Baluns are class of passive microwave components used to transform transmission line mode from balanced to unbalanced and vice versa
by providing the required impedance transformation as the balanced and unbalanced port impedances are usually unmatched. Given the important role of baluns in many classical and modern applications [1
], such as common mode rejection in balanced architectures, push-pull amplifiers and double balanced mixers, broadening a balun operational bandwidth is still an ongoing research topic. In this context, scholars worldwide reported several wideband balun designs in support of the emerging broadband technologies and multiband integrated systems.
To this end, Marchand, multi-section coupled-lines, composite right/left handed transmission lines, and CPW baluns have been recently introduced. In [2
], wideband compensated and uncompensated Marchand baluns were proposed using step transformers. However, the vias accompanying the design increases its structural complexity, sensitivity, and fabrication cost. Multi section coupled-line baluns were realized in [3
] using two-line edge coupled microstrips. Hence, simplifying the complexity order by eliminating the vias was obtained at the expense of the operating bandwidth. Lim et al.

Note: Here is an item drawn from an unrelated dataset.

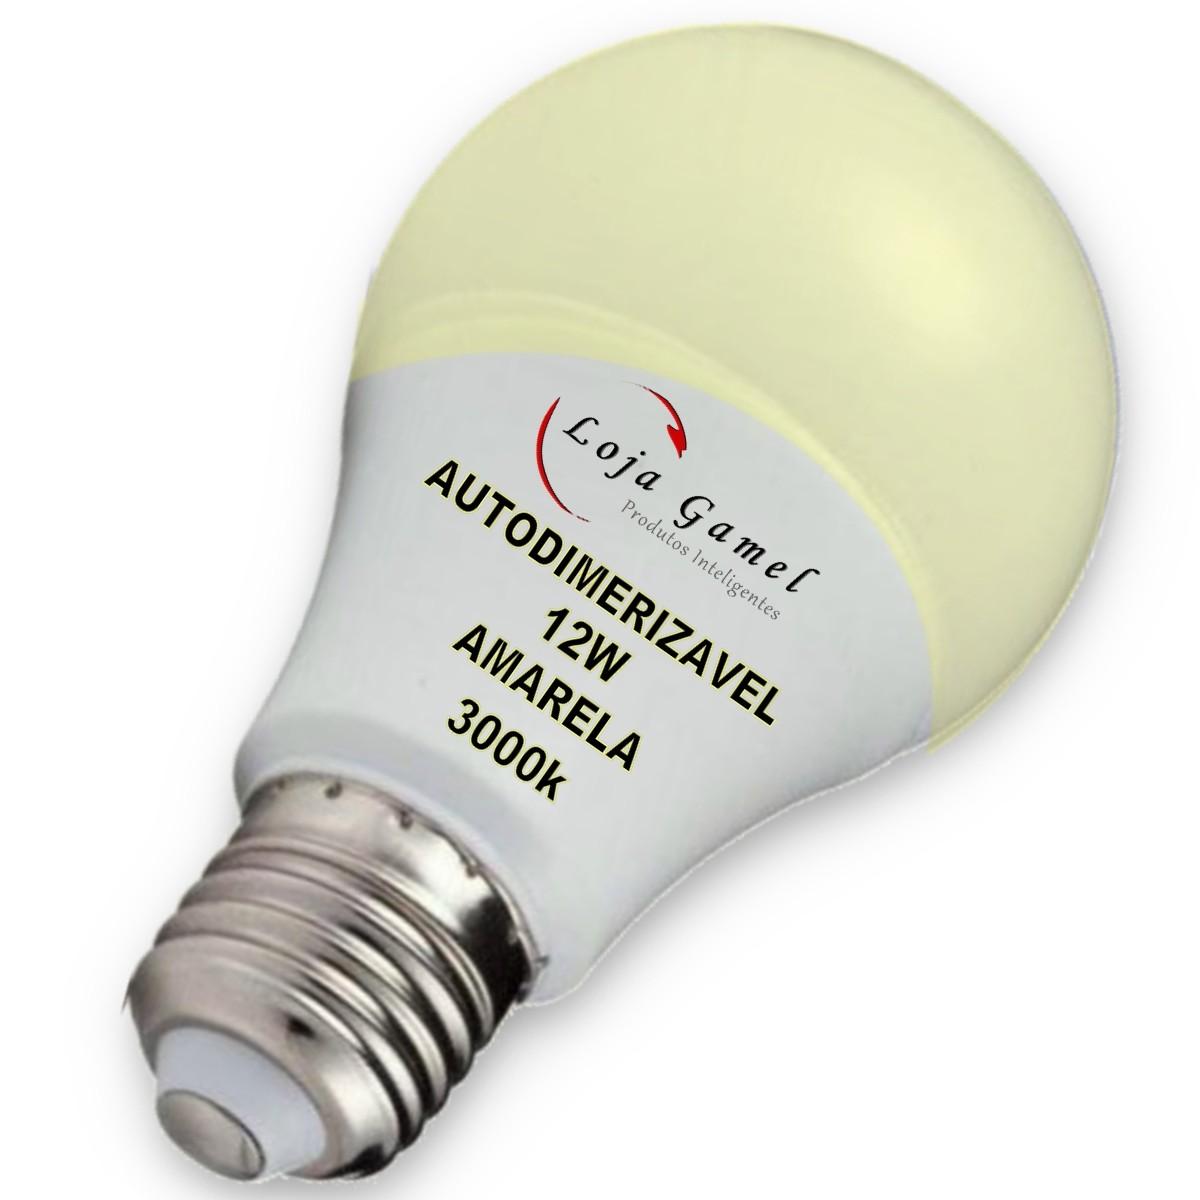 Foto2 - Lâmpada LED Bulbo Autodimerizável 12W Luz Amarela 3000K 10un

proposed a wideband CPW balun with the aid of a multistage out-of-phase Wilkinson power divider (WPD) [4
], which is although interesting is limited to the number of consecutive stages in the WPD that may degrade the overall electrical performance due to the resulting crossovers. Fractal shape composite right/left handed transmission line broadband balun [5
] was designed. Such a technique resulted in a compact design, but the added complexity may introduce ports overlapping if proper care is not taken during simulations. Another planar balun was designed on a single layer substrate in [6
]; however, the relatively narrow bandwidth was a major drawback. Furthermore, a multi-layered wideband balun [7
] in the C- and X-band with a number of holes was designed making the design highly complex. A wideband balun using parallel strips was designed in [8
], which is synthesized using a third order Chebyshev response. The design has a symmetrical four-port structure incorporating vias with relatively moderate operating bandwidth. Microstrip to slotline transitions was discussed in [9
], where the balun implemented was compact in size covering ultrawide bandwidth. The disadvantage of the design though was the use of high dielectric constant (ɛr
> 10) material in order to match the slotline transition to 50 Ω microstrip line. Additionally, high radiation loss is associated with such transitions.
In this work, we propose a broadband three-port coupled-line balun derived from a four-port symmetrical network. The proposed balun covers the frequency spectrum of 0.8–8 GHz by the virtue of utilizing tightly coupled tapered lines that have the benefit of being straightforwardly handled, compact, and exhibits broad frequency spectrum with applications in WiMAX, WLAN, Bluetooth and ISM bands.